CLD2 probabilistically detects over 80 languages in Unicode UTF-8 text, either 
plain text or HTML/XML.
Legacy encodings must be converted to valid UTF-8 by the caller. For 
mixed-language input,
CLD2 returns the top three languages found and their approximate percentages of 
the total
text bytes (e.g. 80% English and 20% French out of 1000 bytes of text means 
about 800 bytes
of English and 200 bytes of French). Optionally, it also returns a vector of 
text spans with
the language of each identified. This may be useful for applying different 
spelling-correction
dictionaries or different machine translation requests to each span. The design 
target is web
pages of at least 200 characters (about two sentences); CLD2 is not designed to 
do well on very
short text, lists of proper names, part numbers, etc.

CLD2 is a Naïve Bayesian classifier, using one of three different token 
algorithms. For Unicode
scripts such as Greek and Thai that map one-to-one to detected languages, the 
script defines
the result. For the 80,000+ character Han script and its CJK combination with 
Hiragana,
Katakana, and Hangul scripts, single letters (unigrams) are scored. For all 
other scripts,
sequences of four letters (quadgrams) are scored.

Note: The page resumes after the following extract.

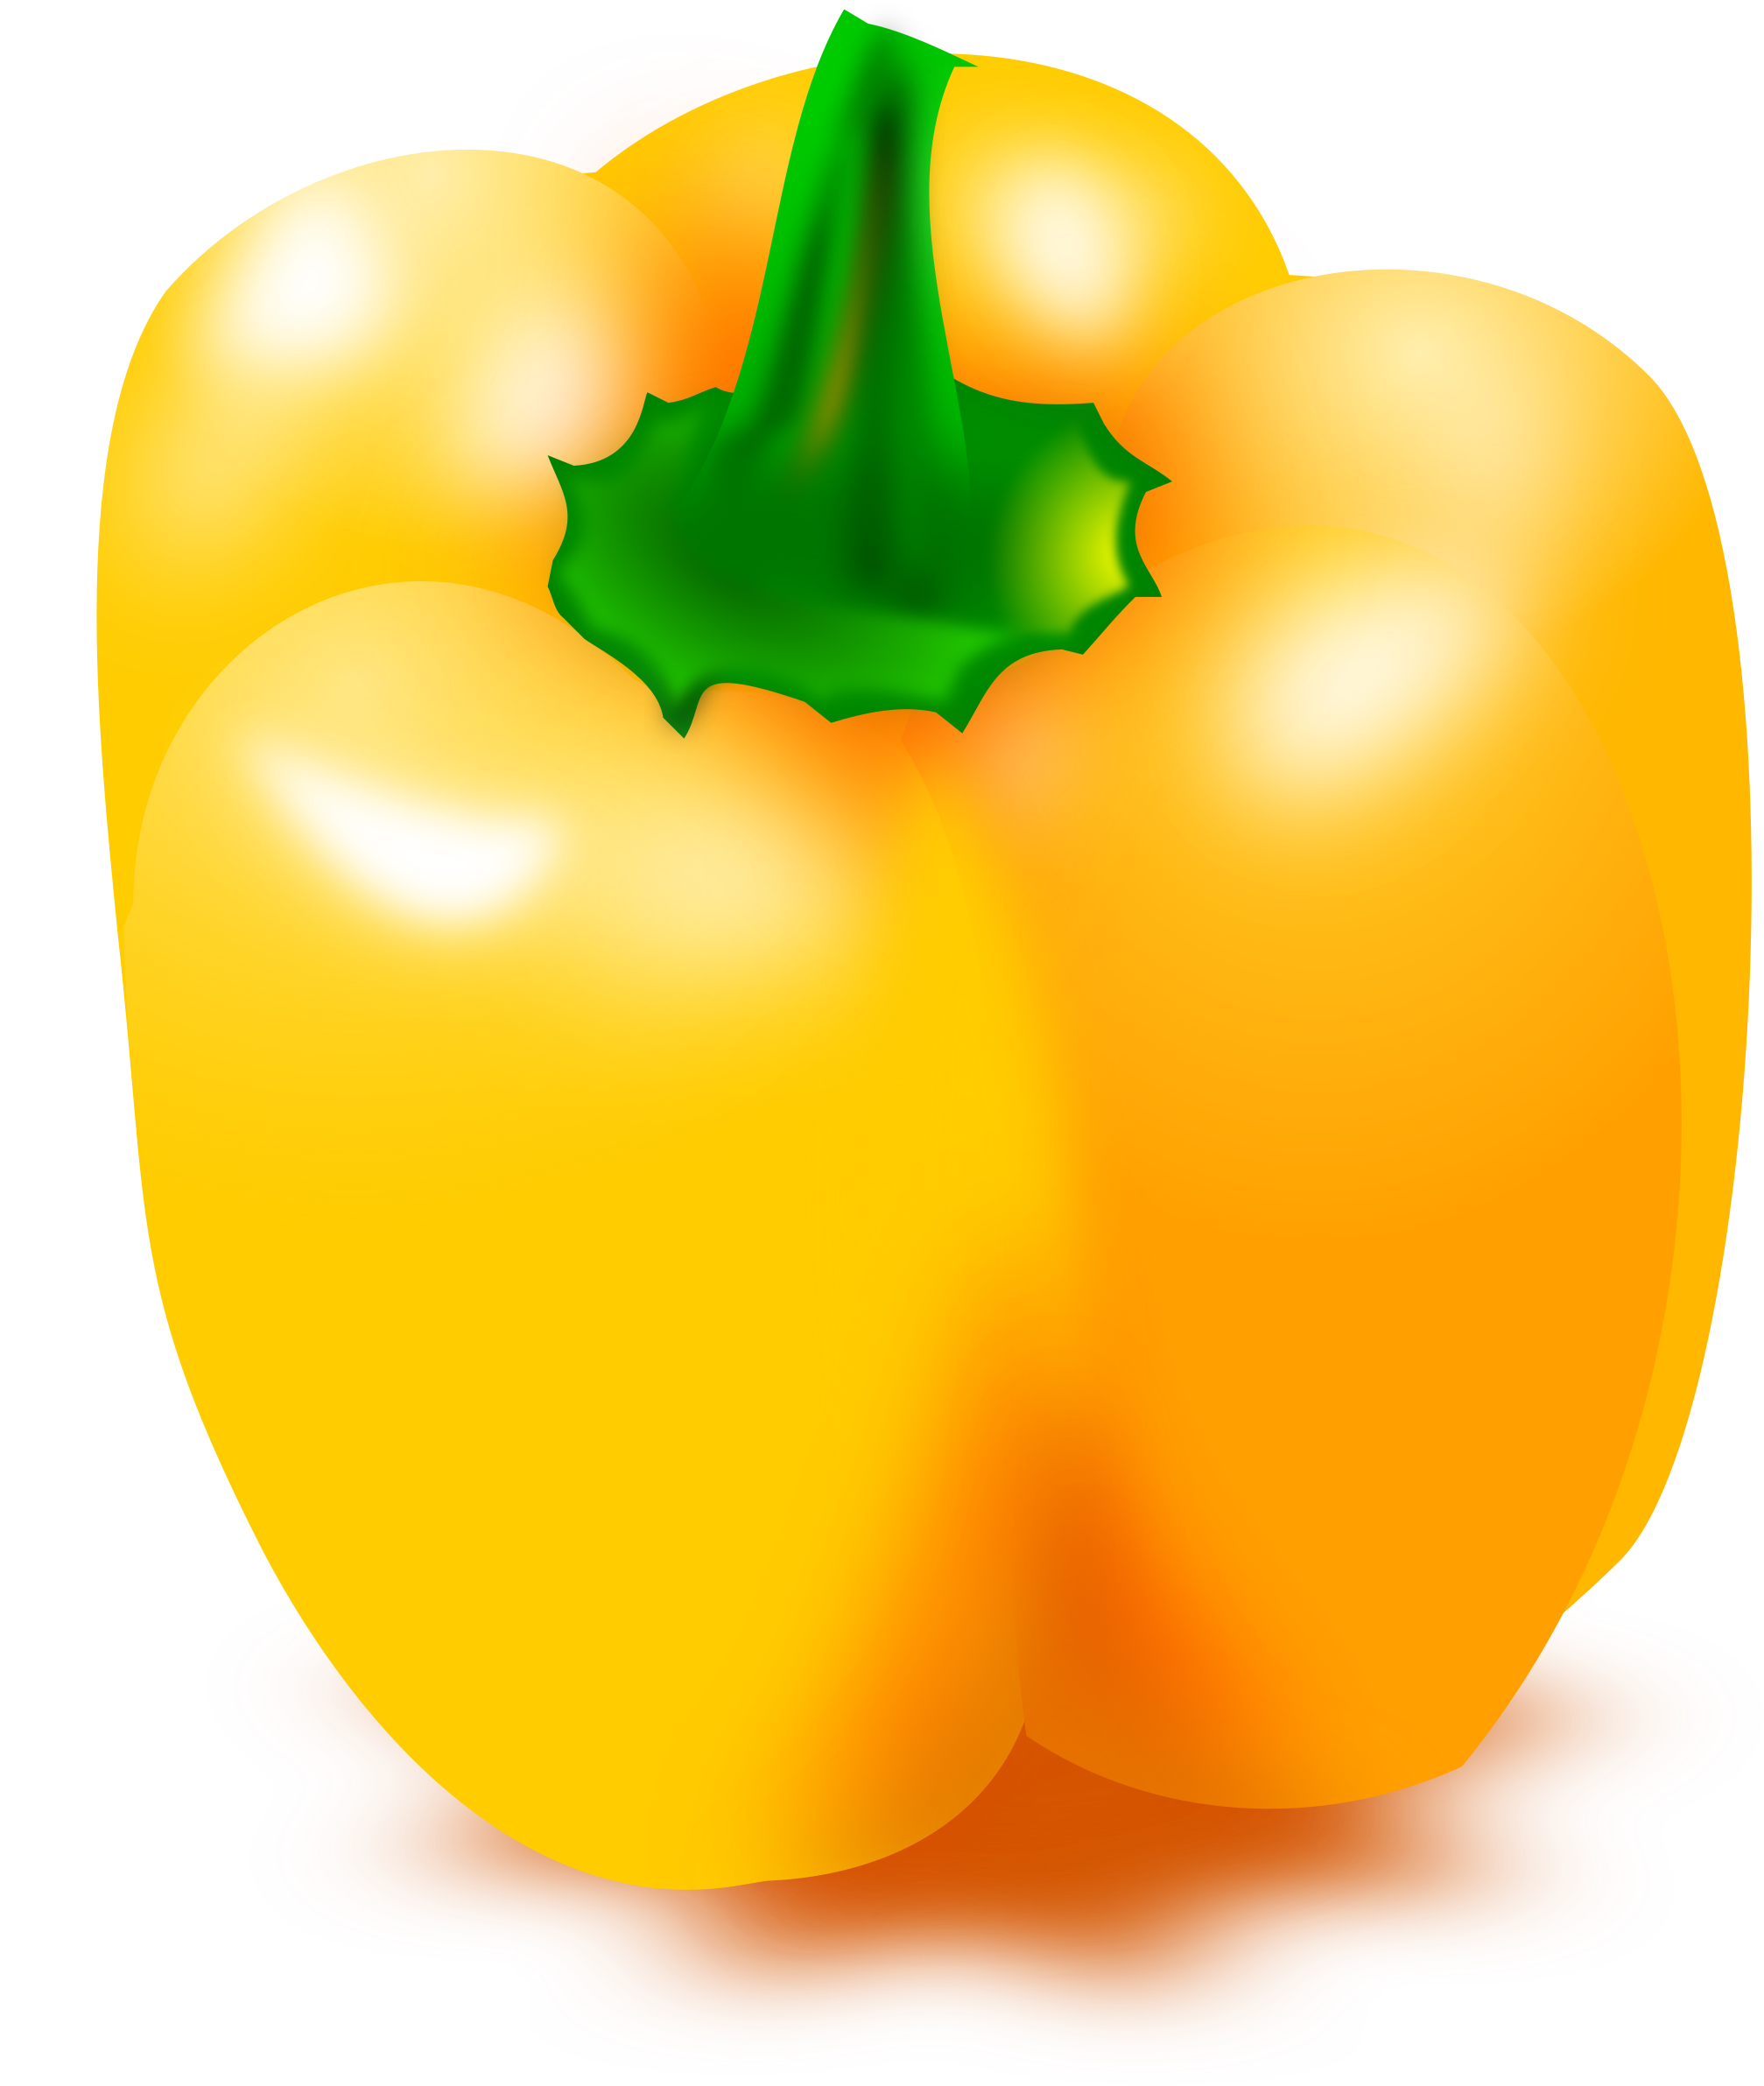 Paprika Pepper Vegetables Vitamins Healthy Orange - Yellow Bell Pepper Clipart (641x750)

Scoring is done exclusively on lowercased Unicode letters and marks, after 
expanding HTML
entities &xyz; and after deleting digits, punctuation, and . Quadgram 
word beginnings
and endings (indicated here by underscore) are explicitly used, so the word 
_look_ scores
differently from the word-beginning _look or the mid-word look. Quadgram 
single-letter
"words" are completely ignored. For each letter sequence, the scoring uses the 
3-6 most
likely languages and their quantized log probabilities. The training corpus is 
manually
constructed from chosen web pages for each language, then augmented by careful 
automated
scraping of over 100M additional web pages.

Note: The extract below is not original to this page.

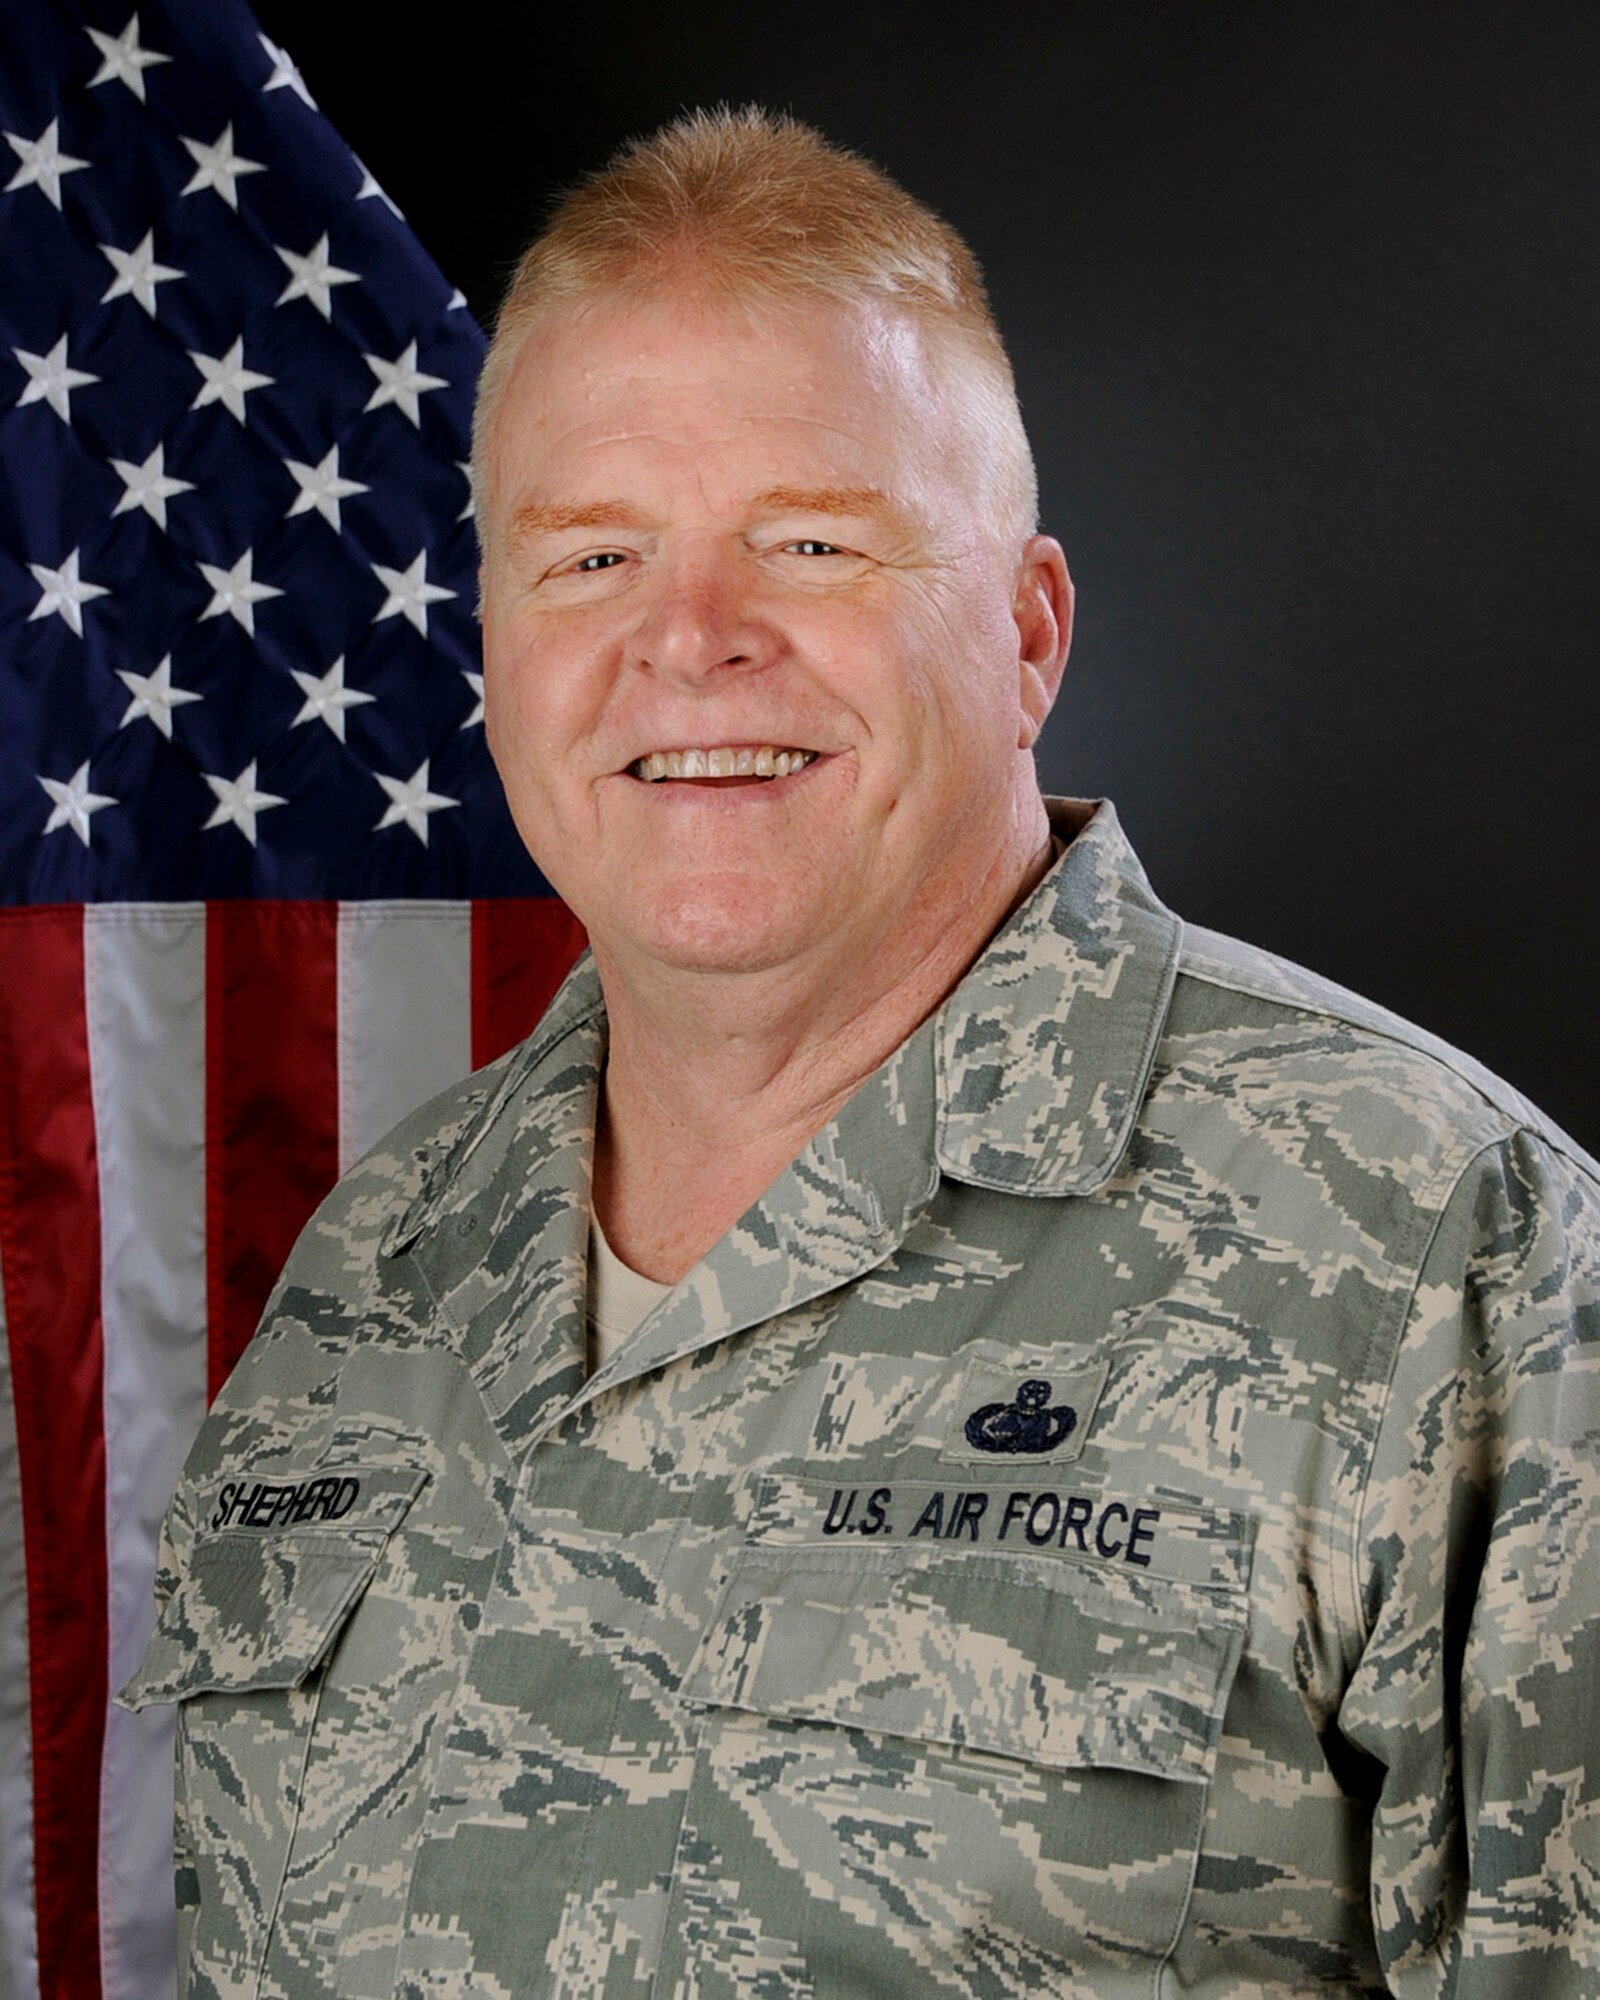 U.S. Air Force Chief Master Sgt. Lee Shepherd, 169th Fighter Wing Safety and Occupational Health Manager with the 169th Operations Group, South Carolina Air National Guard at McEntire Joint National Guard Base, April 28, 2015.  (U.S. Air National Guard photo by Tech. Sgt. Caycee Watson/Released)

Several embellishments improve the basic algorithm: additional scoring of some 
sequences
of two CJK letters or eight other letters; scoring some words and word pairs 
that are
distinctive within sets of statistically-close languages such as {Malay, 
Indonesian}
or {Spanish, Portuguese, Galician}; removing repetitive sequences/words that 
would
otherwise skew the scoring, such as “jpg” in “foo.jpg bar.jpg baz.jpg”; removing
web-specific words that convey almost no language information such as page, 
link,
click, td, tr, copyright, wikipedia, http.

Several hints can be supplied. Because these can be inaccurate on web pages, 
they
are just hints -- they add a bias but do not force a specific language to be the
detection result. The hints include expected language, original document 
encoding,
document URL top-level domain name, and embedded <…lang=xx …> language tags.

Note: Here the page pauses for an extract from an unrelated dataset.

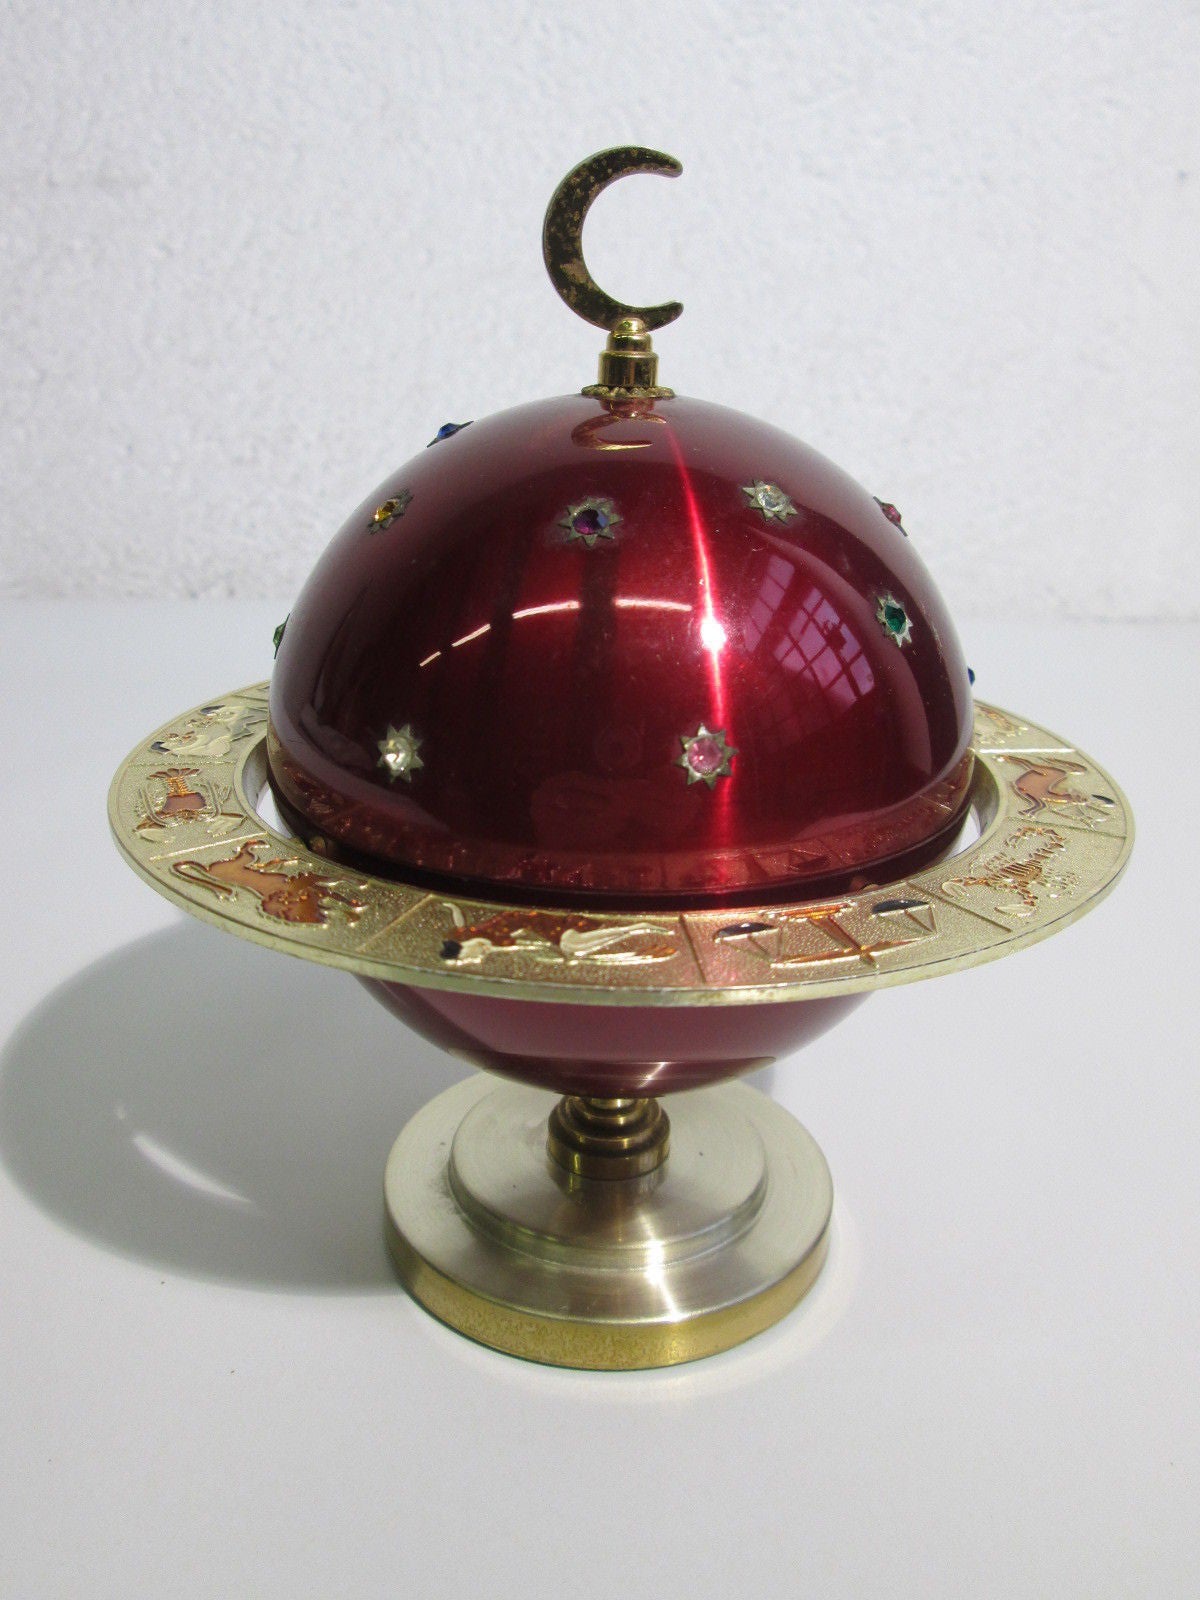 Vintage Italian cigarette holder in form a planet or globe which is red anodized aluminum and encrusted with jewels and surrounded by a Saturn-like ring decorated with Zodiacal figures, topped with a crescent moon finial. The top half of the globe

The table-driven extraction of letter sequences and table-driven scoring is 
highly optimized
for both space and speed, running about 10x faster than other detectors and 
covering over 70
languages in 1.8MB of x86 code and tables. The main quadgram lookup table 
consists of 256K
four-byte entries, covering about 50 languages. Detection over the average web 
page of 30KB
(half tags/digits/punctuation, half letters) takes roughly 1 msec on a current 
x86 processor.

CLD2 is an update of the prior CLD, adding more languages, updating to Unicode 
6.2 characters,
improving scoring, and adding the optional output vector of labelled language 
spans.

These 83 languages are detected: Afrikaans Albanian Arabic Armenian Azerbaijani 
Basque Belarusian
Bengali Bihari Bulgarian Catalan Cebuano Cherokee Croatian Czech Chinese 
Chinese_T Danish Dhivehi
Dutch English Estonian Finnish French Galician Ganda Georgian German Greek 
Gujarati Haitian_Creole
Hebrew Hindi Hmong Hungarian Icelandic Indonesian Inuktitut Irish Italian 
Javanese Japanese Kannada
Khmer Kinyarwanda Korean Laothian Latvian Limbu Lithuanian Macedonian Malay 
Malayalam Maltese
Marathi Nepali Norwegian Oriya Persian Polish Portuguese Punjabi Romanian 
Russian Scots_Gaelic
Serbian Sinhalese Slovak Slovenian Spanish Swahili Swedish Syriac Tagalog Tamil 
Telugu Thai
Turkish Ukrainian Urdu Vietnamese Welsh Yiddish.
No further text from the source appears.